Foremost of the educational rites is the rite of initiation (upanayana), including investiture with the sacred thread, which traditionally inaugurated a period of Vedic study that prepared the initiate to participate fully in Vedic religion and culture. In ancient times the boy/young man would spend time living with and serving his teacher (guru) and observing a vow of celibacy (brahmacharya). This practice, and the knowledge of the sacred Vedic texts and associated rituals, was traditionally only available to twice-born (dvija) men, in other words, those in the top three varnas (classes). Despite its importance, this rite is now largely restricted to brahmins and the period of studentship retained in only simplified and shortened form. A few contemporary Hindu groups have introduced equivalent ceremonies for girls, and there is some textual evidence that occasionally in ancient times both girls and boys from other social groups were initiated. More commonly, marriage has been viewed as the equivalent of initiation for women.
The rite of marriage (vivaha) which marks the beginning of life as a householder is often celebrated in elaborate and lengthy ceremonies. Among the important traditions are the welcoming of the groom and his family, the giving of the bride to the groom, and the exchange of gifts including a necklace (mangala sutra) for the bride from the groom’s mother. The couple circumambulate a sacred fire, taking seven steps together with seven prayers for the success of their partnership and casting an offering of grain into the fire. Marriage retains its central significance though there has been a move away from ‘arranged’ marriage towards both ‘assisted’ marriage where the future partners take the initiative but still involve their families and ‘love matches’.

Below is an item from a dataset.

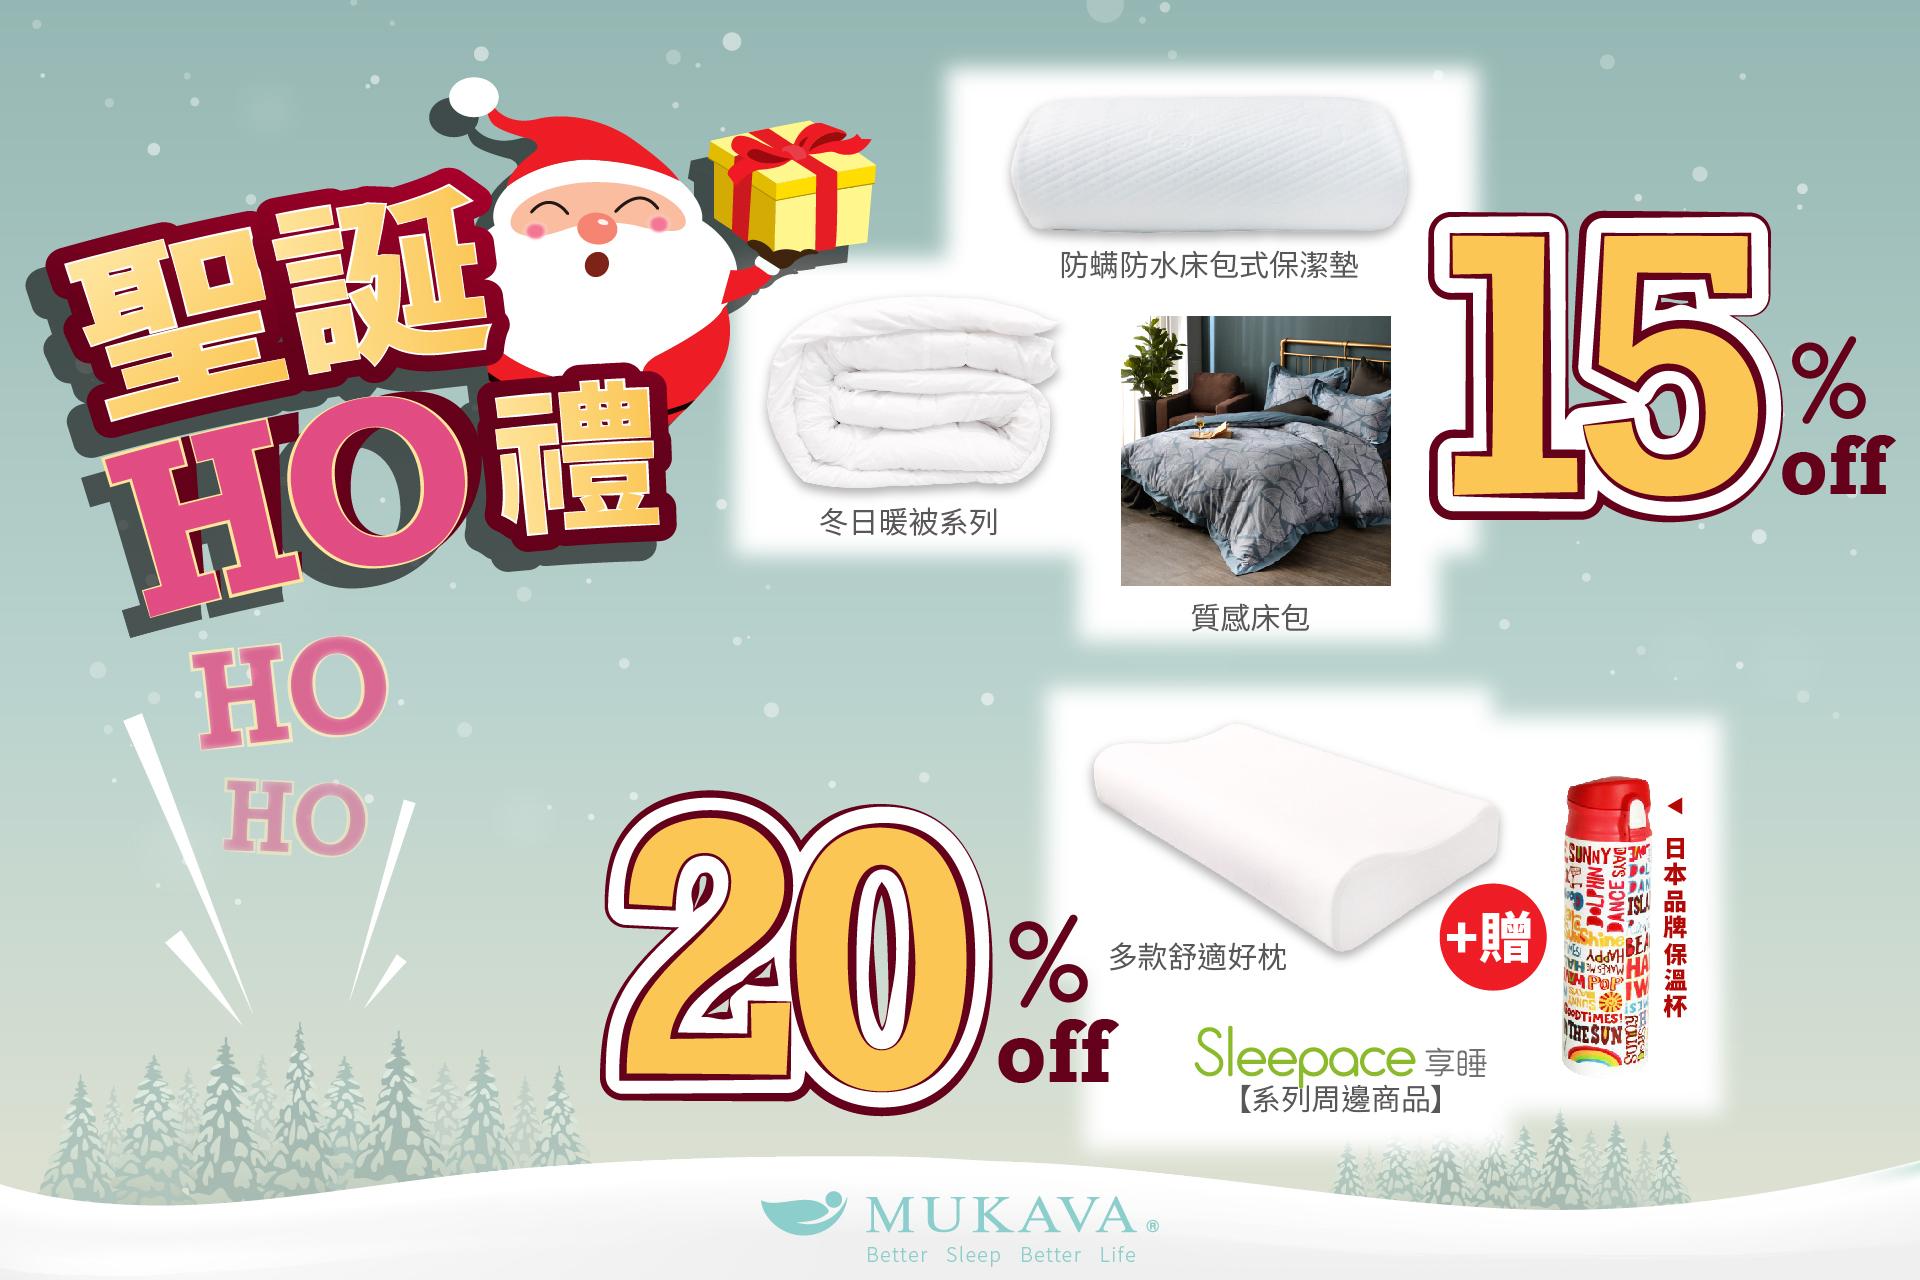 2019-聖誕節折扣活動-MUKAVA

The last of the samskaras is the funerary rite (antyeshti) which normally features cremation of the body, disposal of the ashes and offerings of rice balls to enable the deceased to join the ranks of the ancestors, succeeded by memorial rites (shraddha) at regular intervals. Renouncers, in contrast, tend to be buried and they may have undergone funerary rites before renouncing the world to symbolise the death of their old way of life.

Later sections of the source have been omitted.